Ridge Zeller Therapy’s Sarah Jordan Strong, M.S., CCC-SLP, shares her experience about the importance of building rapport with her adult patients in this two part blog series. Click here to view Rapport-Building in Adult Speech-Language Therapy, Part 2!
Rapport-Building in Adult Speech-Language Therapy, Part 1
A little over three years ago, I started my clinical fellowship year providing speech therapy to adults in an outpatient rehab setting; I was armed with a pile of textbooks and class notes.
I had memorized the different types of aphasia, I could name all of the structures involved in swallowing from a line drawing, and I had the different levels of cueing down pat.
I had completed an internship, providing therapy under the supervision of a licensed, and had taken copious notes regarding the therapy tasks she liked and those she preferred to avoid.
This is all very important, but none of it really prepares you for being fully responsible for your own caseload.
One of the things that school and a part-time internship had not prepared me for was rapport-building.
It was mentioned briefly in a couple of my classes, but mostly as something you have to think about with children. In fact, one of my professors told me “Working with adults is easy. You tell them what to do and they do it.”
I learned quickly that this isn’t true. Or, more accurately, that it is true in some cases, with some people, but it’s rarely the full story.
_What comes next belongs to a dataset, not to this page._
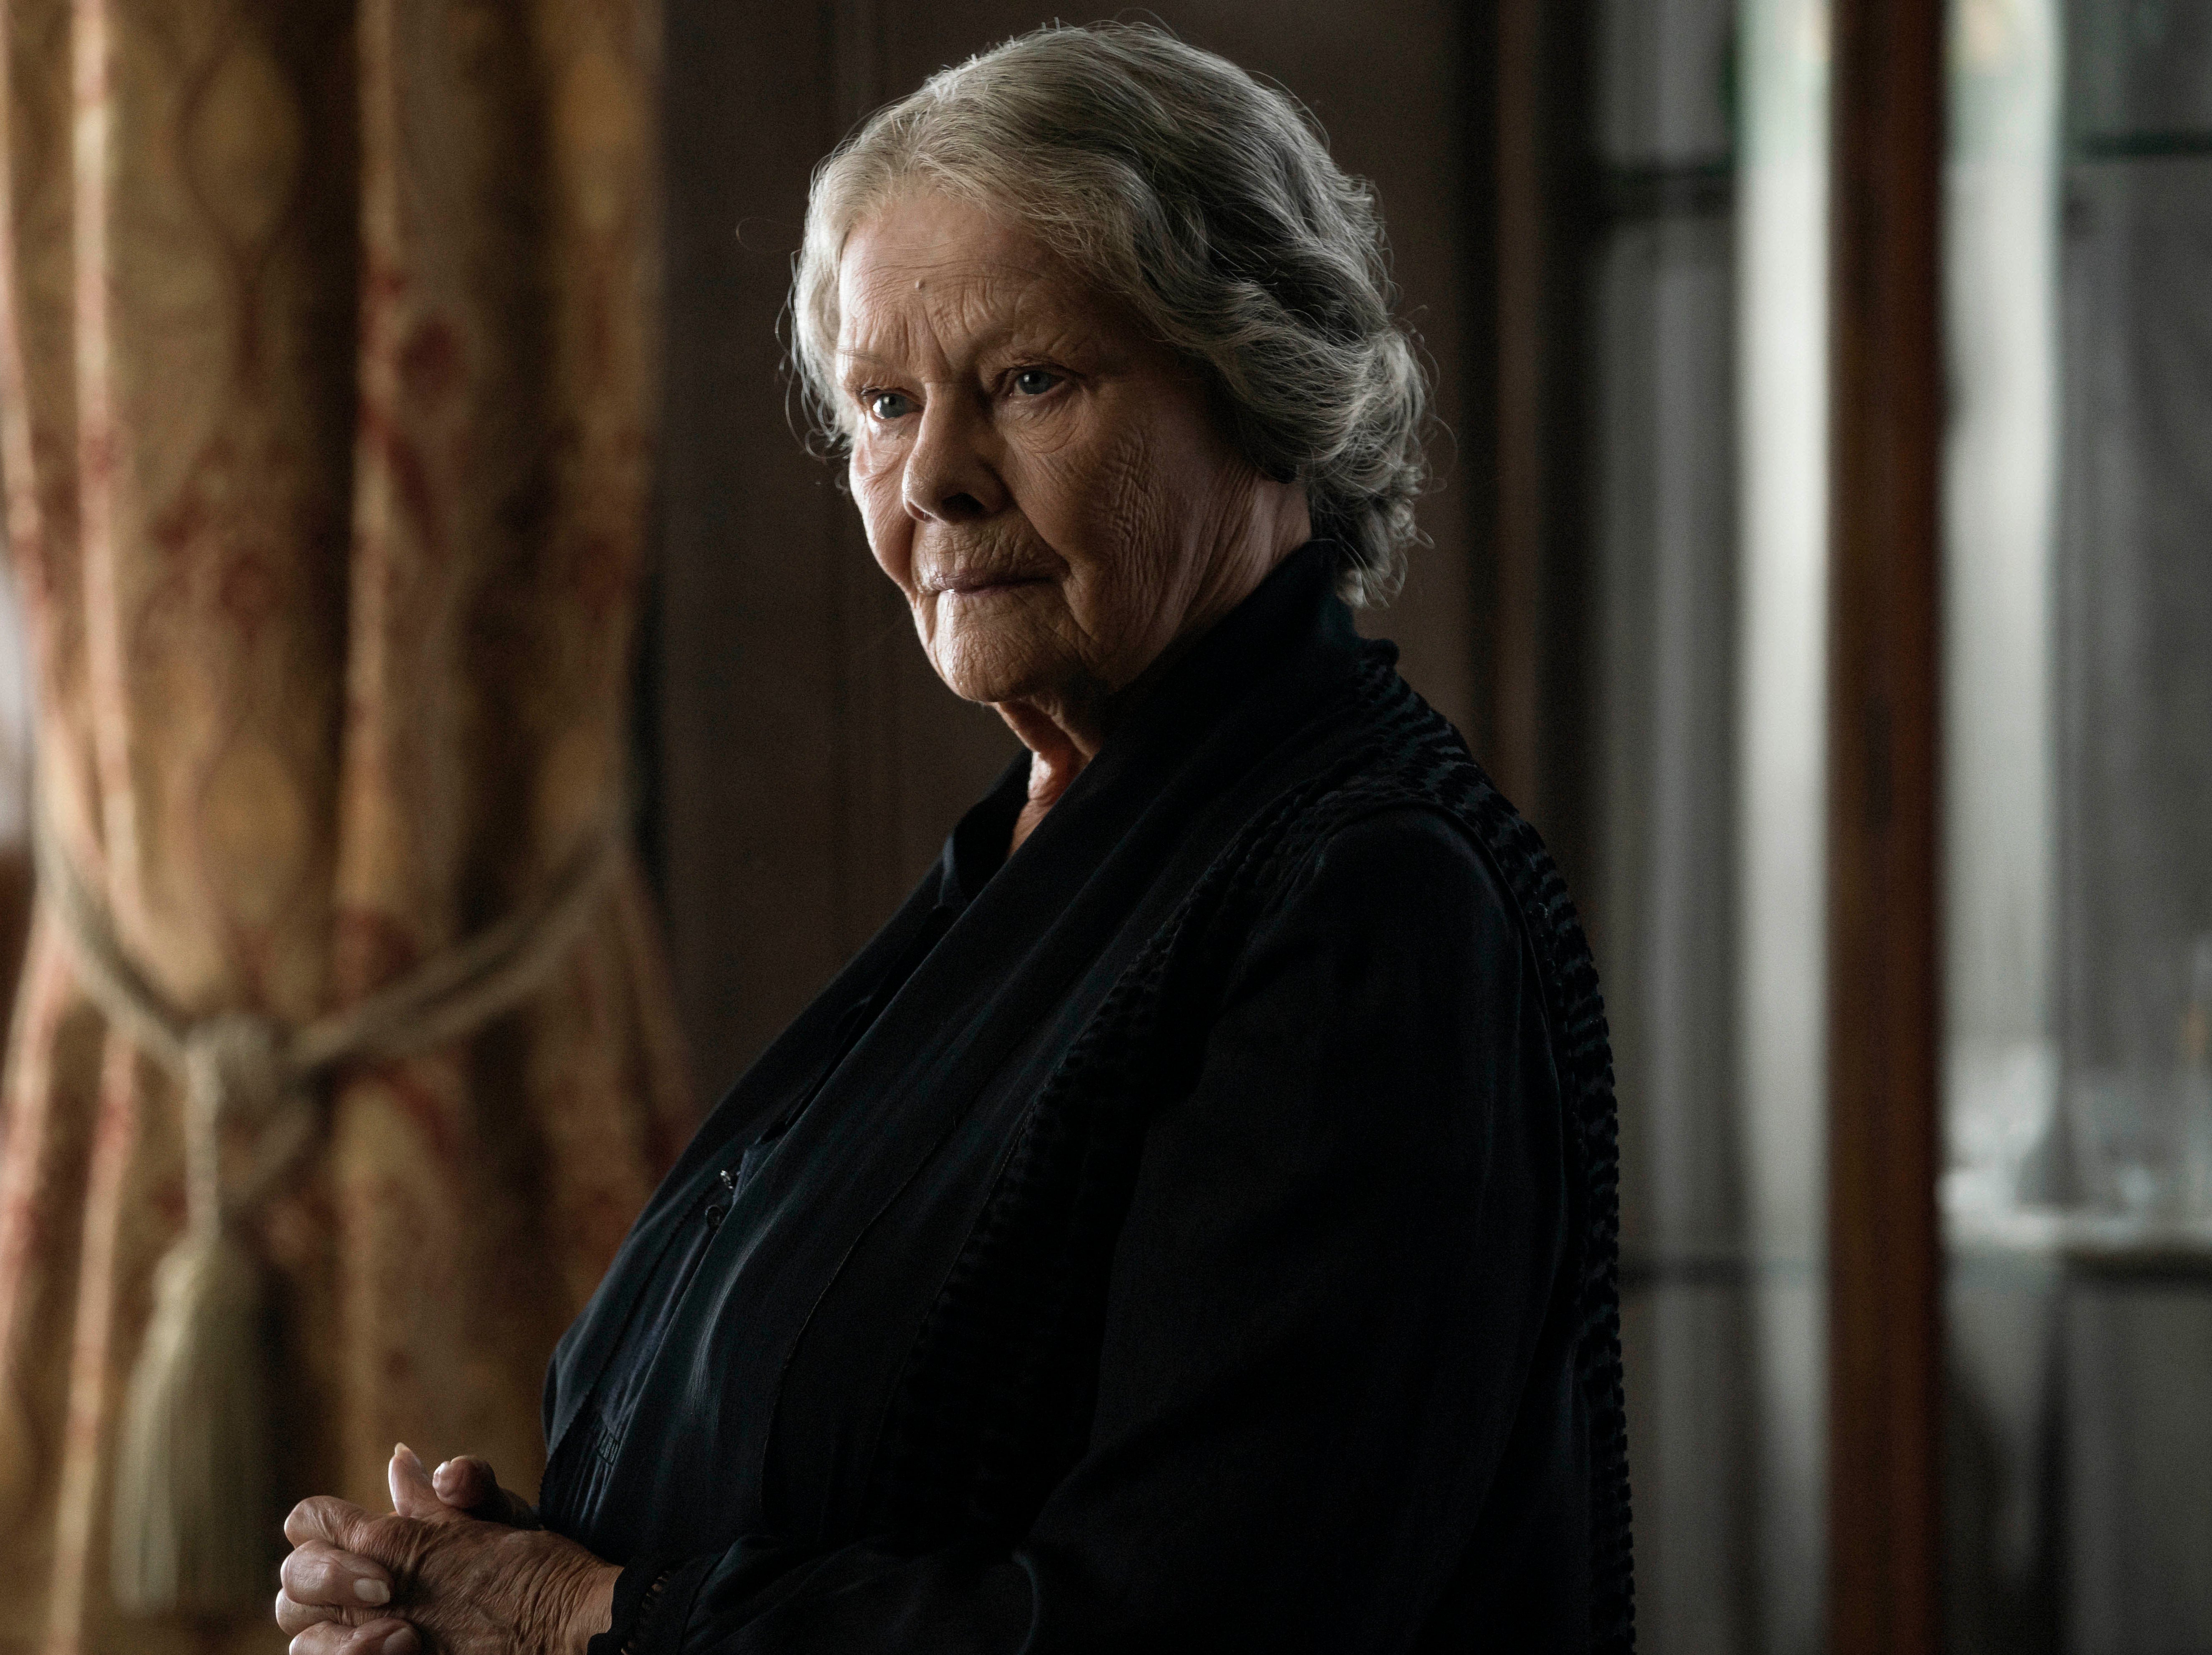 Judie Dench’s Miss Rocholl is never asked to confront her own complicity in the rise of Hitler’s regime

I realized as the first few months of my CF flew by that people immediately latched onto anything that provided them with the sense of having a relationship with me beyond just having therapy “done” to them.
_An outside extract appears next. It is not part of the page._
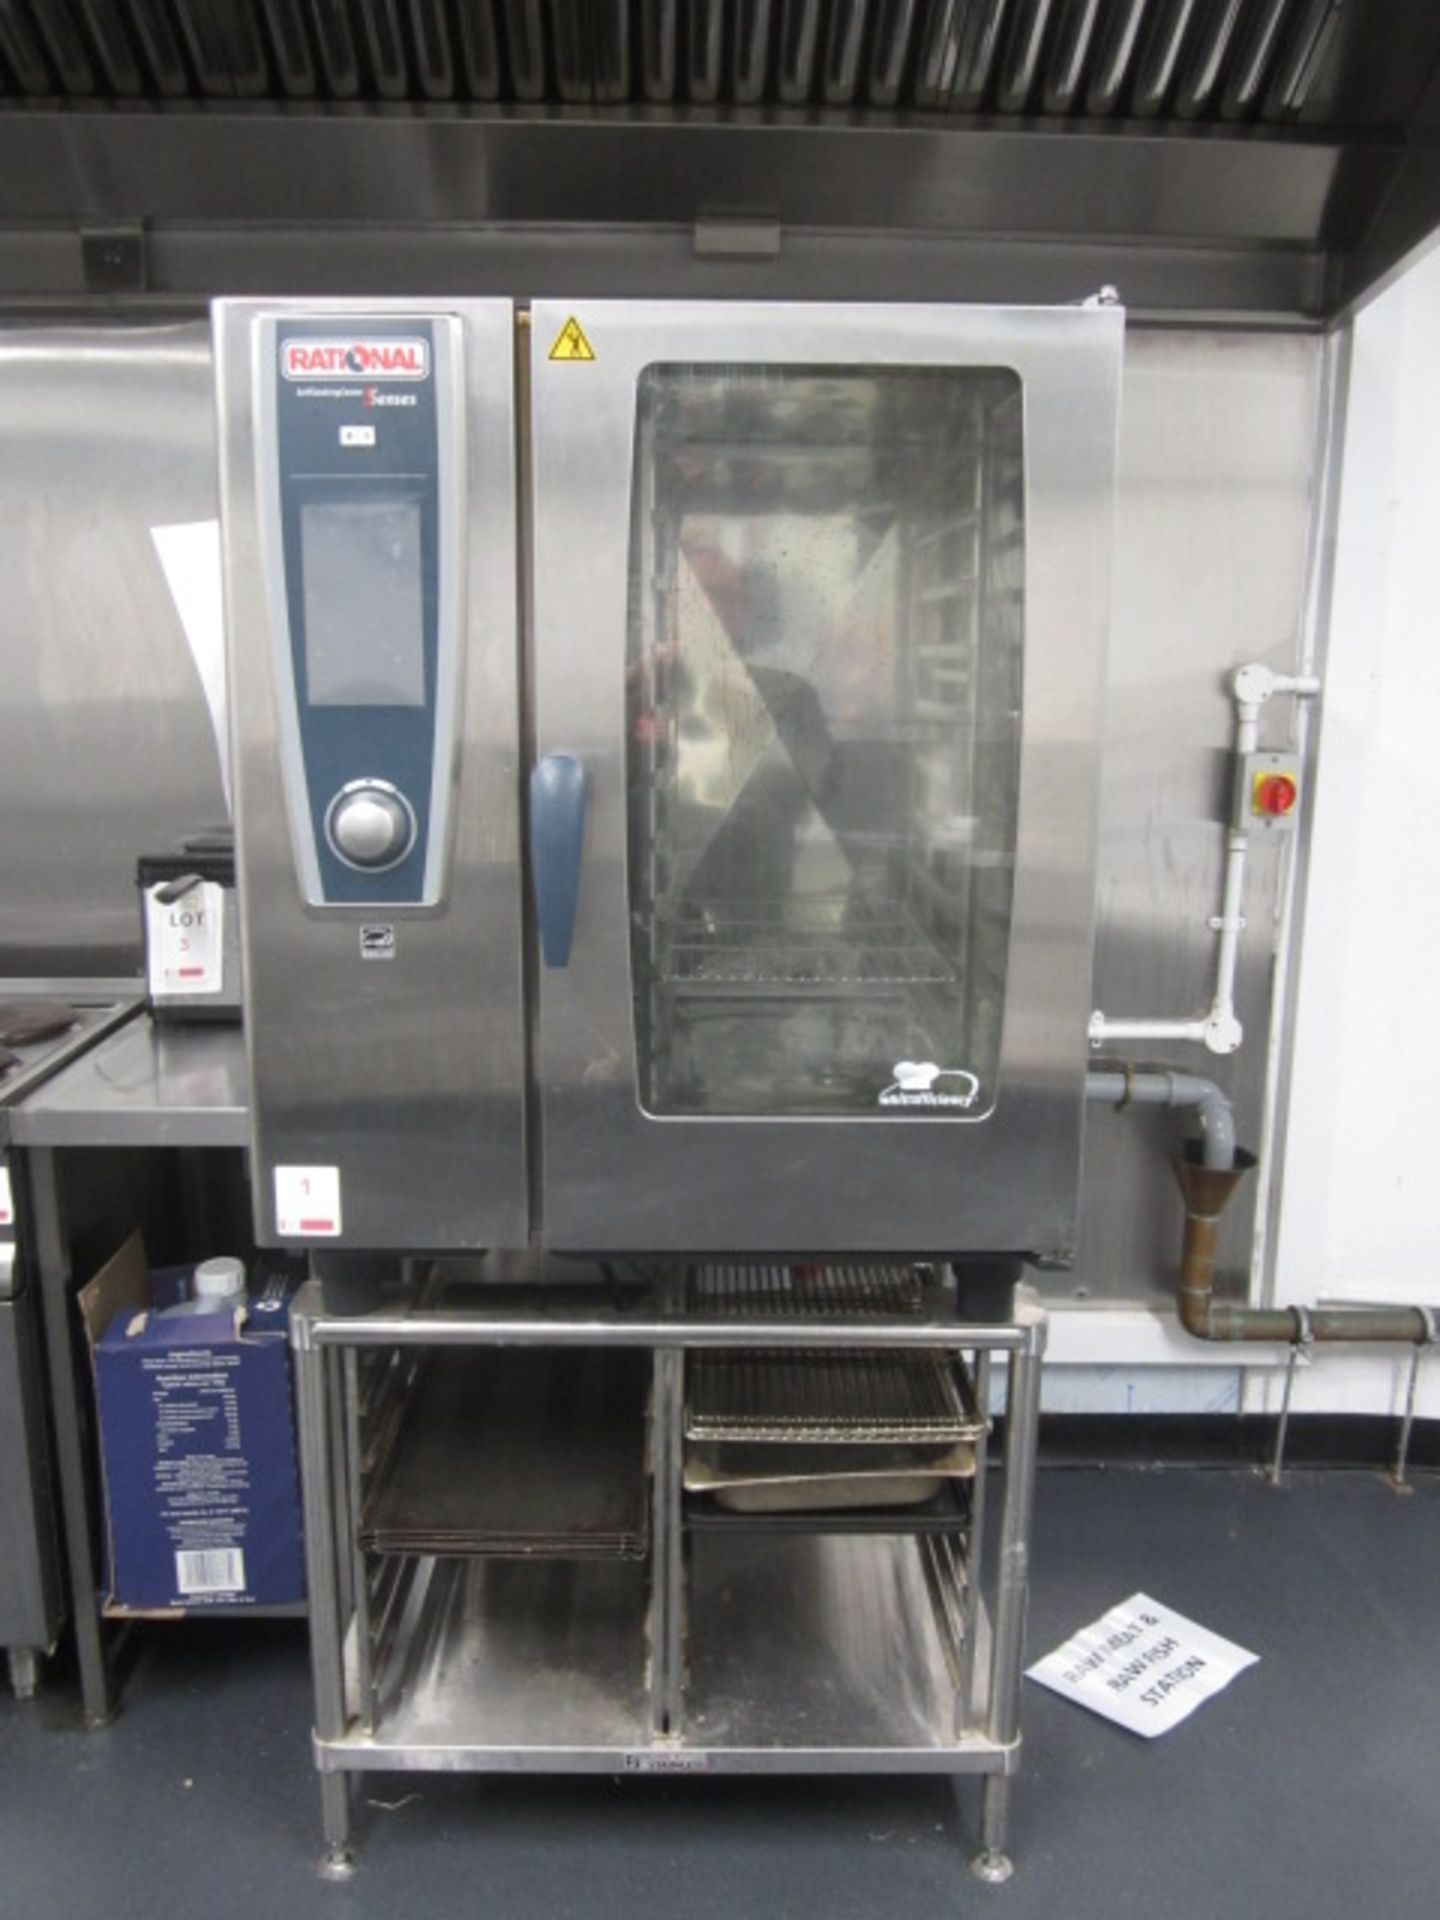 Rational 01 5 Series self-cooking centre, model SCC WE101, s/n: E11SH15022444863, mounted on tray

This all came together in my head as I observed patients’ reactions to one of the tasks on my standard language evaluation.
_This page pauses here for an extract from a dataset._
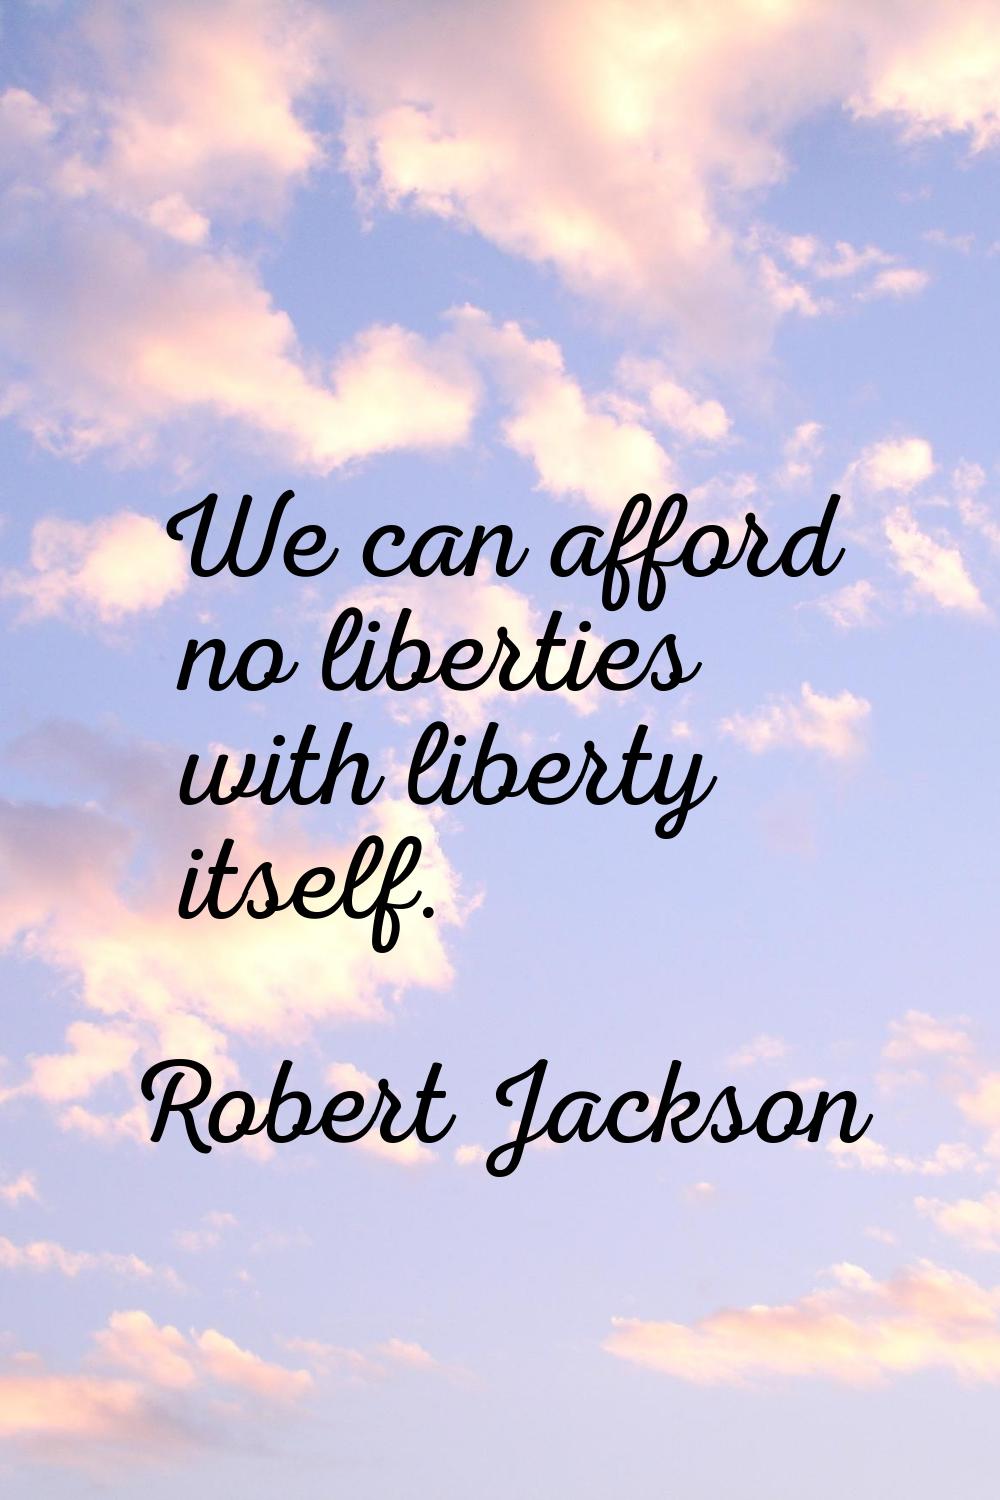 We can afford no liberties with liberty itself.

To measure delayed recall, I tell a patient four facts about myself, ask them to repeat these back, then ask about them again following a five minute delay.
It amazed me how many people recalled these facts and referred to them days or weeks later.
I evaluated one woman who didn’t require speech treatment.
I was walking through the rehab gym where she was attending physical therapy a month or so after her speech evaluation, and heard a shout of “Sarah! SARAH! You live in Queen Creek, you graduated from ASU, you have a dog named Nikita, and you like to cook. How’s Nikita doing, anyway?”
And it wasn’t just that patients remembered personal information. People seemed to want to feel a personal connection, and they worked harder and better when they had one.
When the rapport wasn’t there, it was harder to figure out how to cue appropriately. Patients were more self-conscious and less likely to take risks in therapy, and it was more difficult to figure out what the focus of treatment should be.
Creating rapport also increases the functionality of therapy. Communication is highly personalized.
We interact with different people in different ways. Think about how you talk to your doctor versus how you talk to your sister or your spouse. It’s not the same at all, right?
Now think about which one of these is more important in your day-to-day life. I bet it’s not the doctor.
Without putting forth the time and effort to build a relationship with my patients, I was stuck in the “health care professional” role.
It’s important to be able to interact with providers, but that’s not really what most people want to be able to do.
They want to tell their grandkids that they love them, describe the secret to their meatloaf recipe to a son or daughter, and tell their next door neighbor they’re sorry her husband died.
And please don’t think I’ve got the rose-colored glasses glued to my face — they also want to guilt-trip their kids for not calling enough, complain about the neighbors’ tacky holiday decorations, and tell that guy from bingo that his politics are what’s sending this country to Hades in a handbasket.
You can’t practice any of these things in speech therapy if you’re on your best behavior, but you can if you’re comfortable having a conversation with your therapist.